◆ **What to do**
Each line below from the line with "Members of Rights" to the line with "WeeRide Kangaroo DELUXE" must be copied exactly, including those two, and no picture may appear in the copy.

◆ **Data extracts**
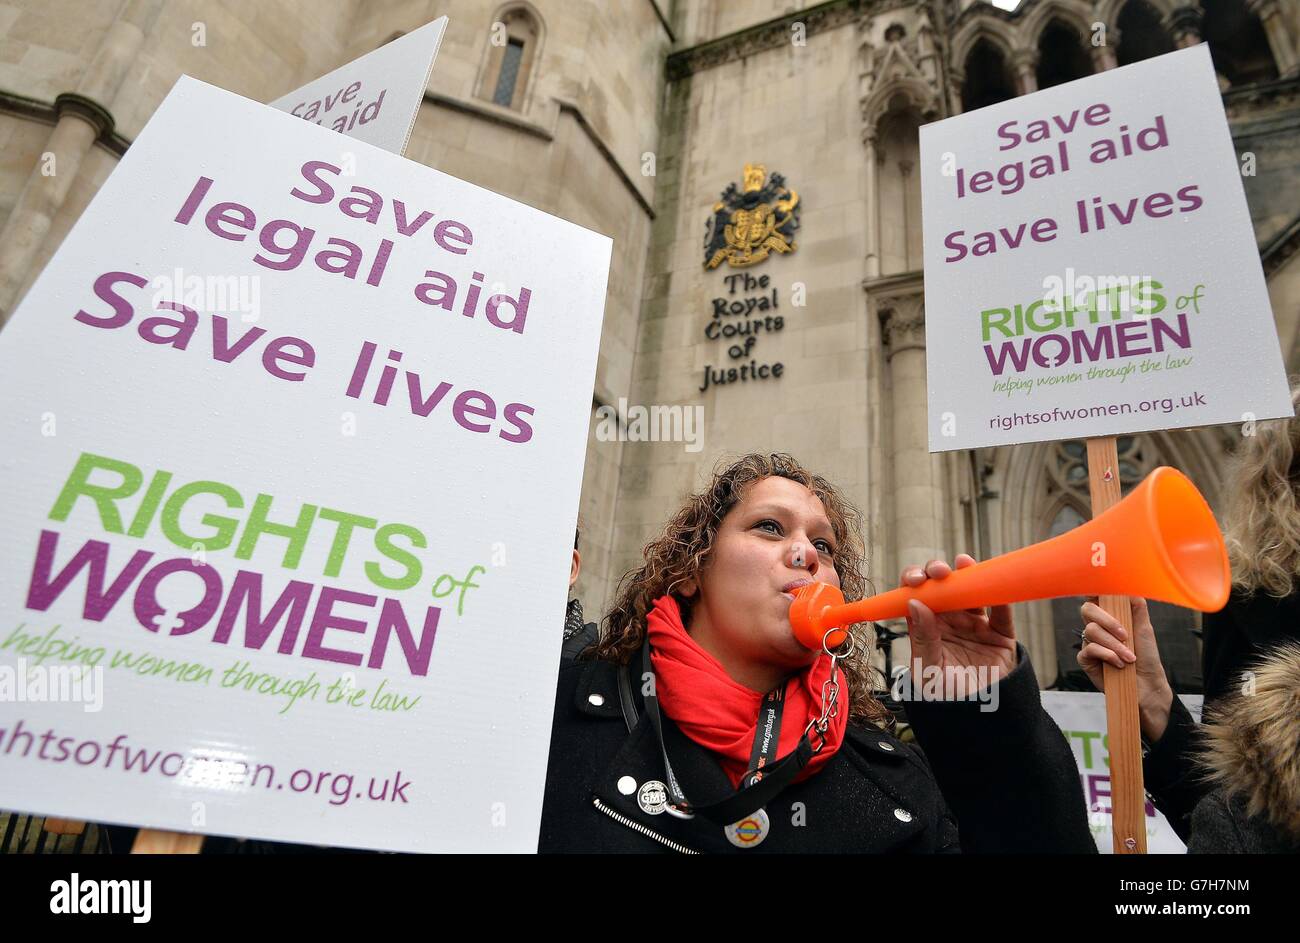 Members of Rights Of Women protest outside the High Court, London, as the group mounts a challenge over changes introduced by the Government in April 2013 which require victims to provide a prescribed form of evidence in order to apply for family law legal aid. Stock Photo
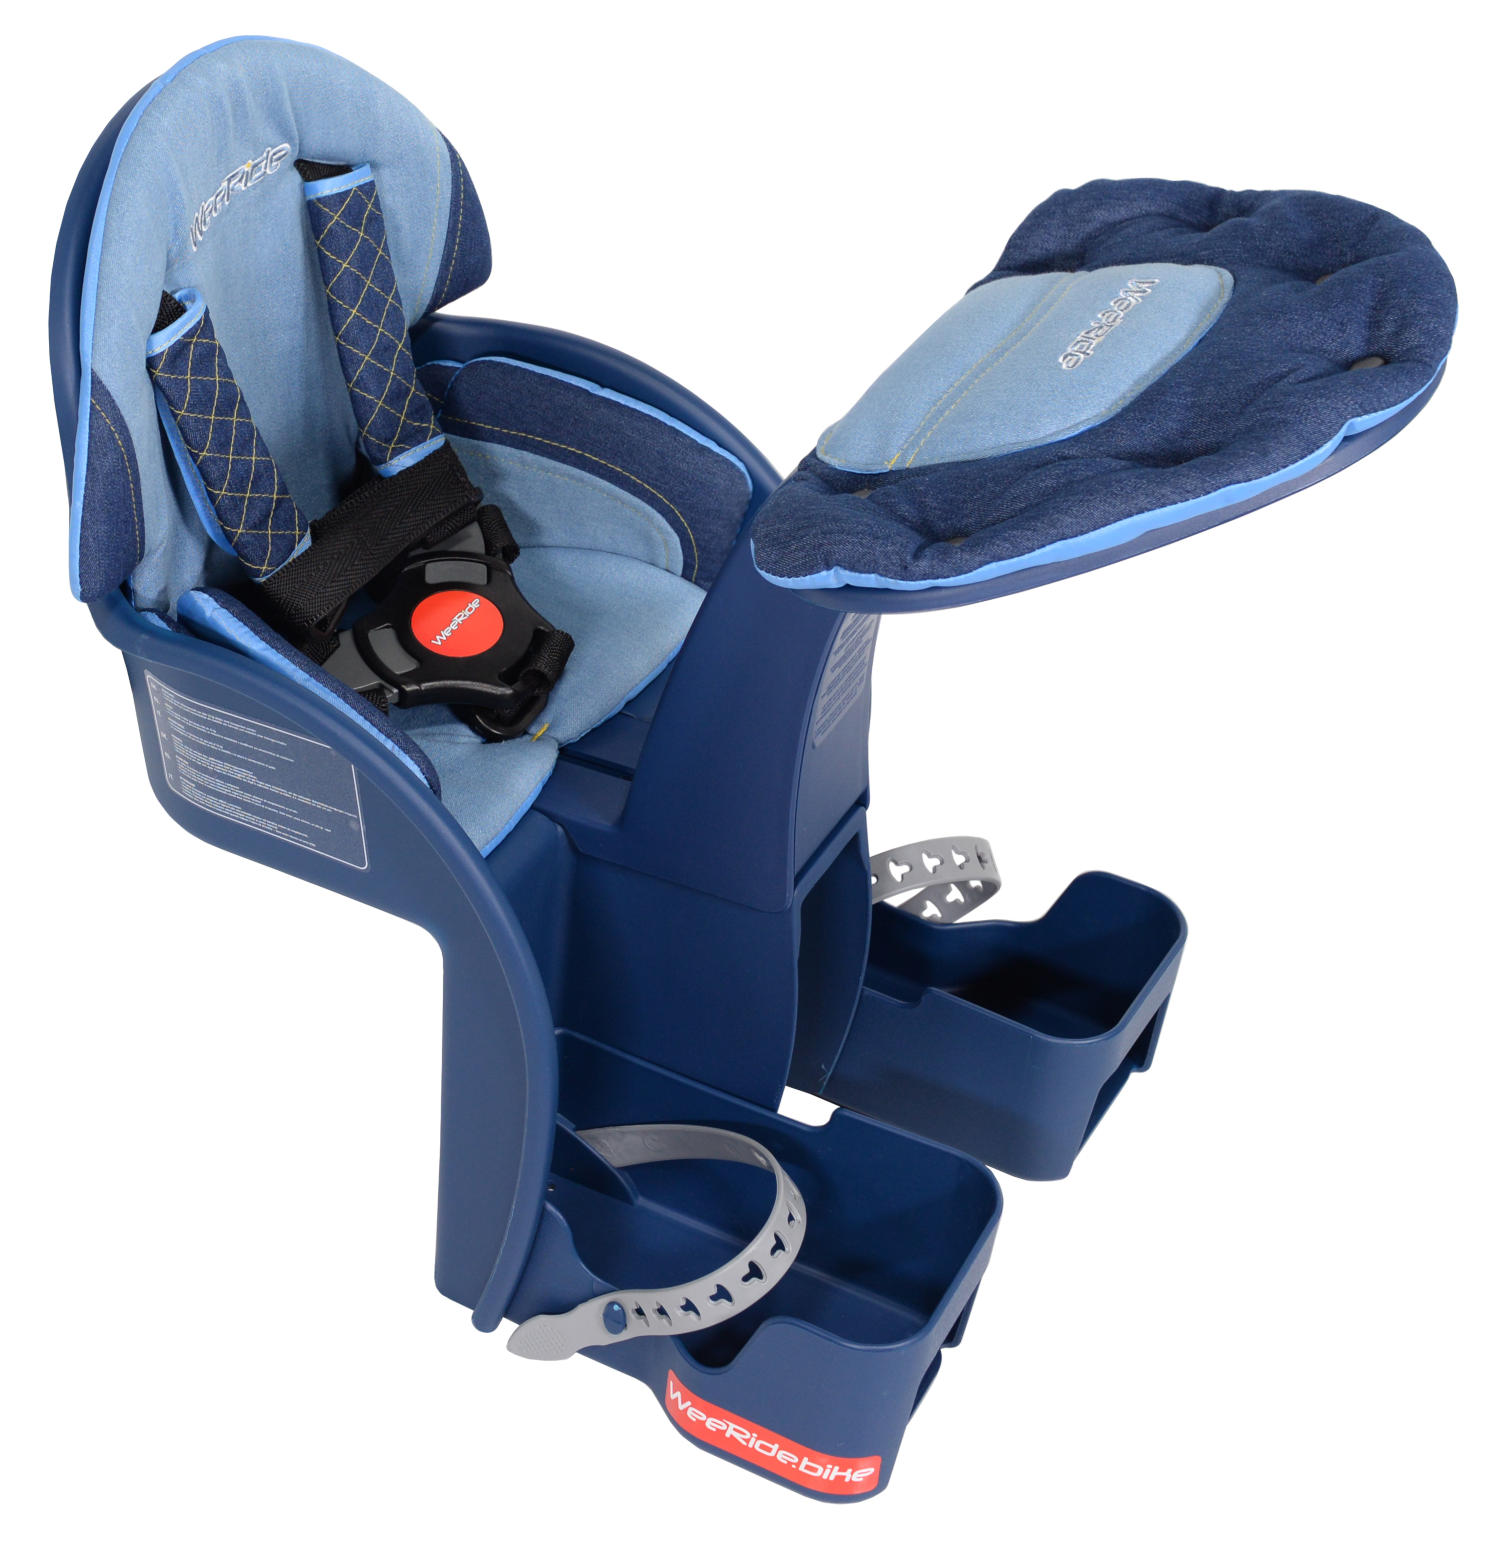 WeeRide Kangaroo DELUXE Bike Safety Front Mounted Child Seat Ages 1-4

--

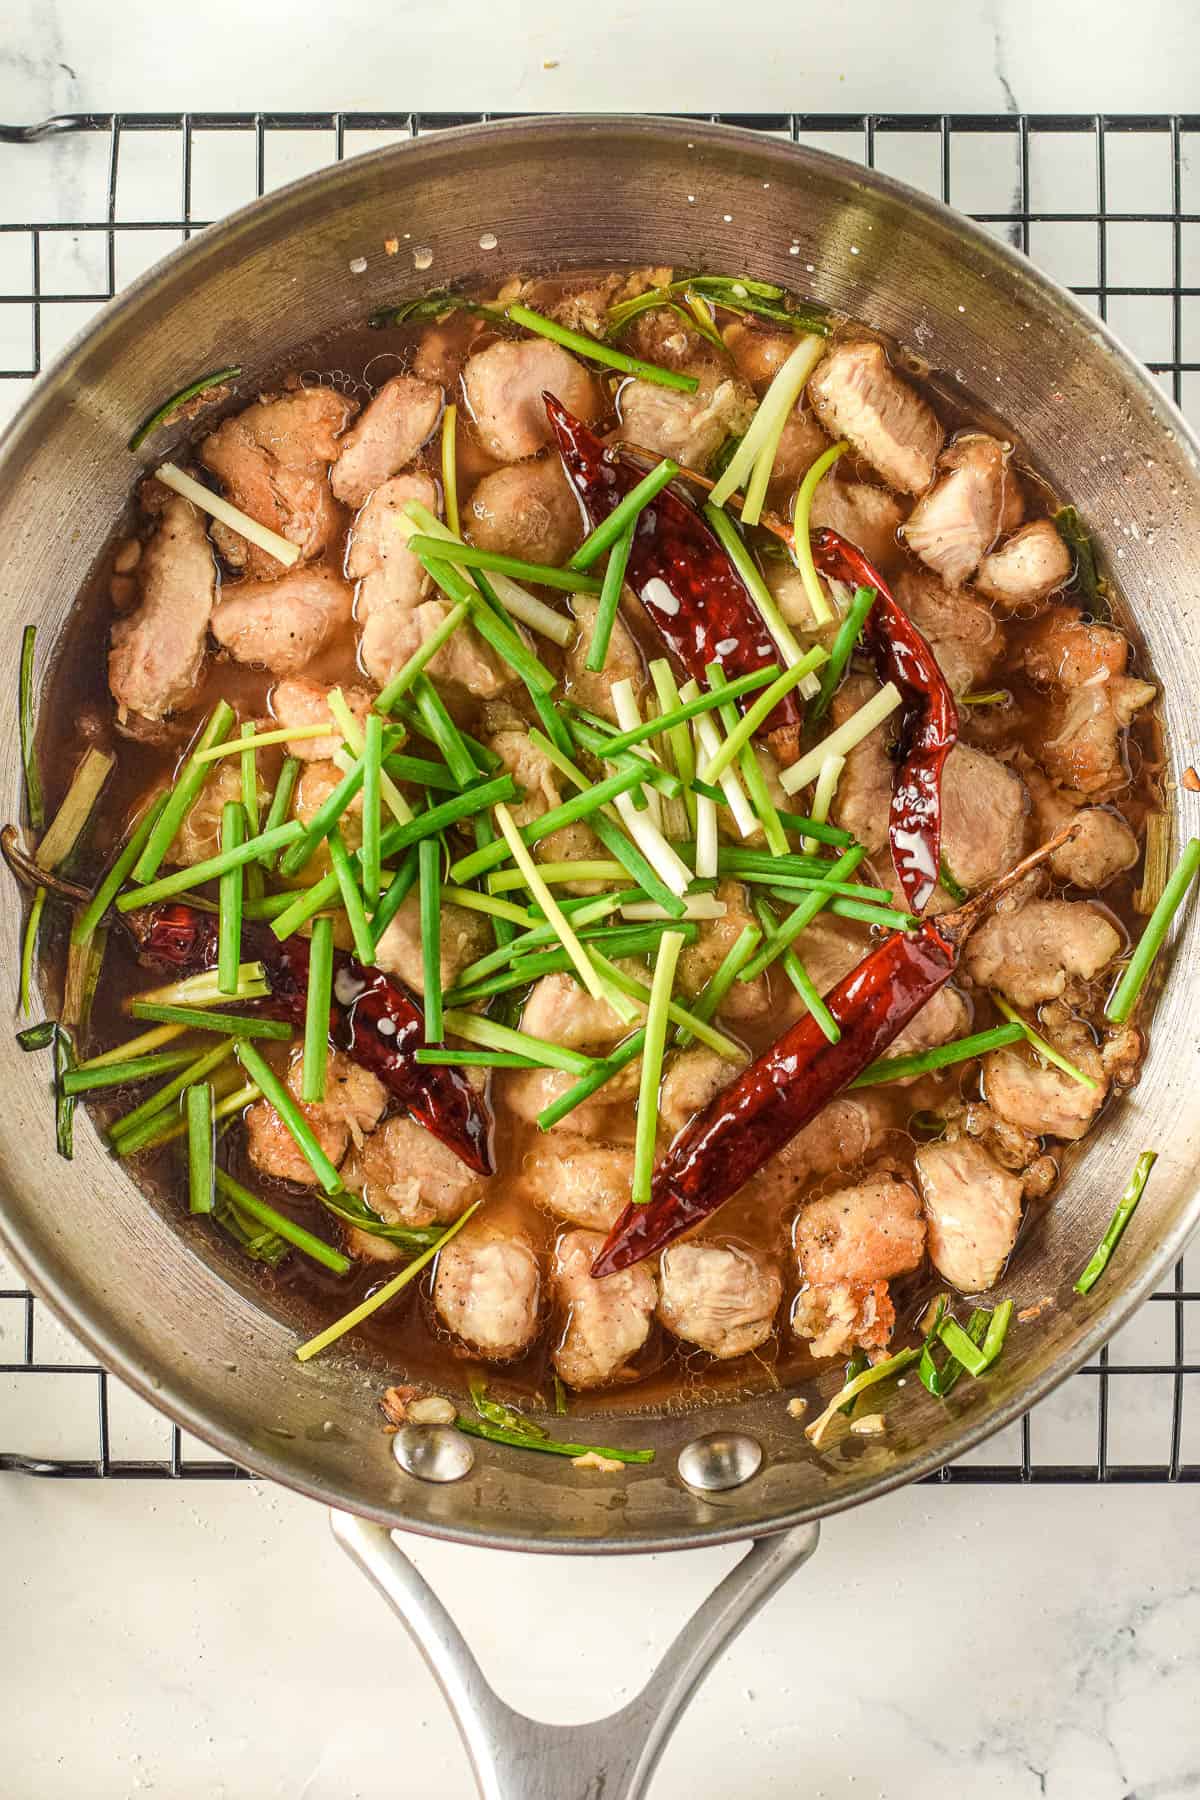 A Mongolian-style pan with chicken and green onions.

◆ **Exercise output**
 Members of Rights Of Women protest outside the High Court, London, as the group mounts a challenge over changes introduced by the Government in April 2013 which require victims to provide a prescribed form of evidence in order to apply for family law legal aid. Stock Photo
 WeeRide Kangaroo DELUXE Bike Safety Front Mounted Child Seat Ages 1-4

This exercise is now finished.